The bioreactor 12 may be a component of a cell culture device (not illustrated). The bioreactor 12 may include a plurality of hollow fiber membranes 18 and a housing 20 that supports and houses the plurality of hollow fiber membranes 18. The housing 20 may have a cylindrical shape. A longitudinal direction of each of the hollow fiber membranes 18 may be along the longitudinal direction of the bioreactor 12. That is, the hollow fiber membrane 18 may extend along the longitudinal direction of the bioreactor 12. For example, a first end portion of the hollow fiber membrane 18 may be fixed to a first end portion 20a of the housing 20 in the longitudinal direction, and a second end portion of the hollow fiber membrane 18 may be fixed to a second end portion 20b of the housing 20 in the longitudinal direction. The hollow fiber membrane 18 may be formed using polymeric materials. The hollow fiber membrane 18 may include a plurality of pores (not illustrated).

The bioreactor 12 may include a first region 22 and a second region 24. The first region 22 may include a space inside the hollow fiber membrane 18, while the second region 24 may include a space between an outer peripheral surface of the hollow fiber membrane 18 and an inner peripheral surface of the housing 20. The first region 22 and the second region 24 may communicate with each other via the plurality of pores of the hollow fiber membranes 18.

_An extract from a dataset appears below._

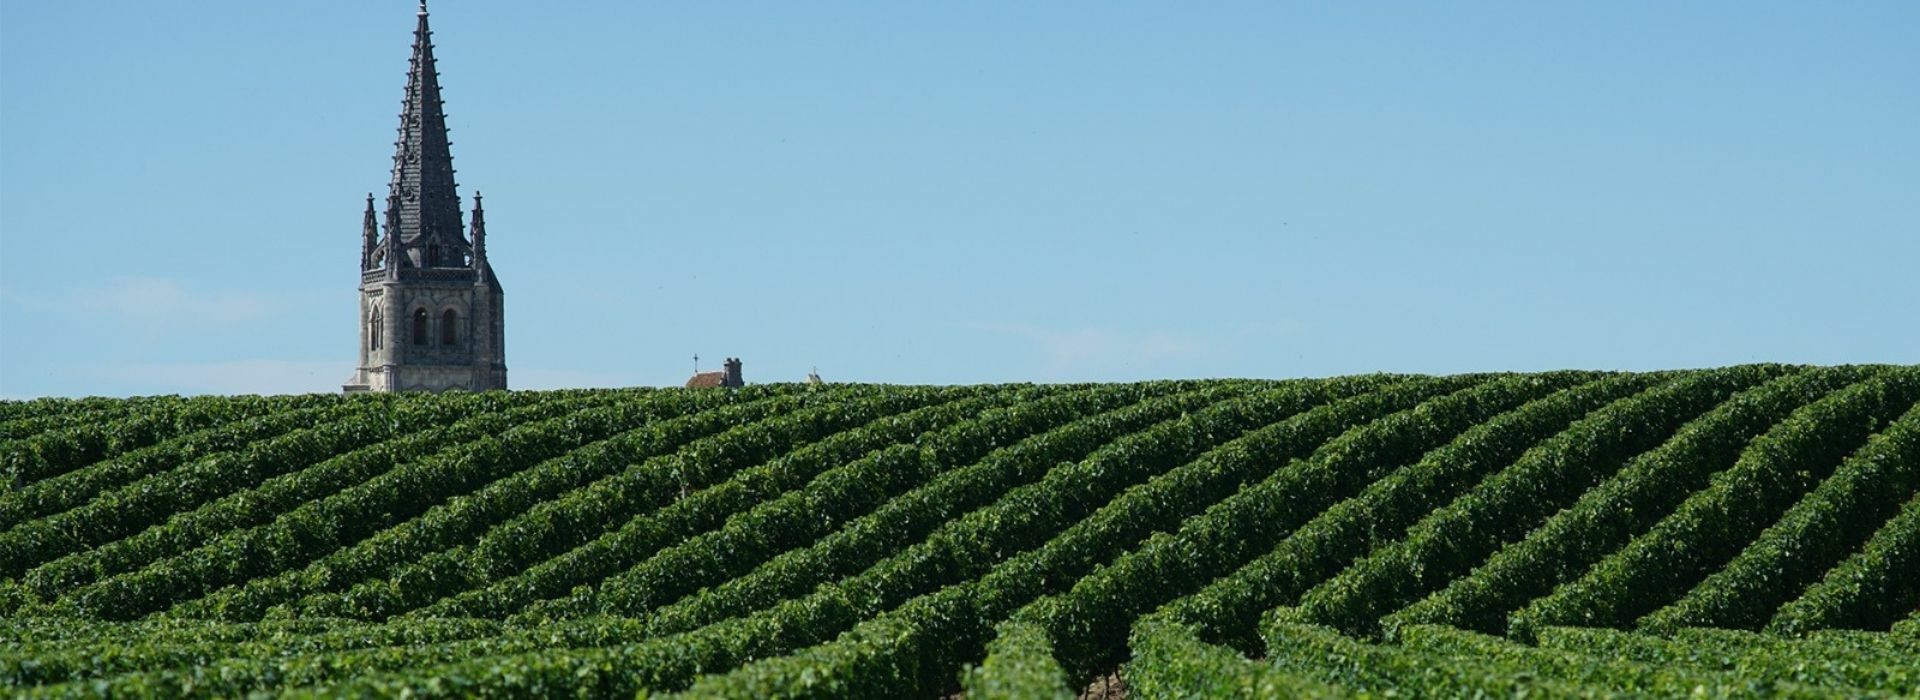 Bordeaux 2021 en primeur wine

The housing 20 may include a first port 26 (e.g., first supply and discharge port), a second port 28 (e.g., second supply and discharge port), a third port 30, and a fourth port 32. The first port 26 may be disposed at the first end portion 20a of the housing 20. The first port 26 may be connected to the first end portion of each of the hollow fiber membranes 18. Accordingly, the first port 26 may communicate with the first region 22. The second port 28 may be disposed at the second end portion 20b of the housing 20. The second port 28 may be connected to the second end portion of each of the hollow fiber membranes 18.

Accordingly, the second port 28 may communicate with the first region 22.

The third port 30 and the fourth port 32 may be disposed on an outer peripheral surface of the housing 20. The third port 30 may be disposed between the first port 26 and a central portion of the housing 20 in the longitudinal direction. The fourth port 32 may be disposed between the second port 28 and the central portion of the housing 20 in the longitudinal direction, the third port 30 and the fourth port 32 may both communicate with the second region 24.

A cell suspension containing cells may be supplied from the first port 26 or the second port 28 to an inside of the bioreactor 12, and more specifically, to the first region 22. A culture medium may be supplied from the first port 26 or the second port 28 to the inside of the bioreactor 12, and more specifically, to the first region 22. The culture medium may be supplied from the third port 30 or the fourth port 32 to the inside of the bioreactor 12, and more specifically, to the second region 24. The culture medium supplied to the bioreactor 12 may move between the first region 22 and the second region 24 via the plurality of pores of the hollow fiber membrane 18.

The electrode group 14 may include a plurality of electrodes 36. The plurality of electrodes 36 may include three or more electrodes 36. The plurality of electrodes 36 may be disposed inside the bioreactor 12 along the longitudinal direction of the bioreactor 12.

The measurement device 16 may measure electrostatic capacitance and/or dielectric constant between a pair of electrodes 36. The electrostatic capacitance between the pair of electrodes 36 is a physical quantity proportional to a cell concentration (i.e., the number of cells) between the pair of electrodes 36. In at least one example embodiment, the measurement device 16 may bean impedance analyzer or an LCR meter. The measurement device 16 may include, for example, an arithmetic unit 42, a storage unit 44, a power supply unit 46, and a display unit 48.

In at least one example embodiment, the arithmetic unit 42 may be implemented by a processor such as a central processing unit (CPU) or a graphics processing unit (GPU). That is, the arithmetic unit 42 may be implemented by a processing circuit.

The arithmetic unit 42 may include a selection unit 50, a measurement unit 52, a determination unit 54, a display control unit 56, and a storage control unit 58. Each of the selection unit 50, the measurement unit 52, the determination unit 54, the display control unit 56, and the storage control unit 58 may be implemented by the arithmetic unit 42 executing a program stored in the storage unit 44.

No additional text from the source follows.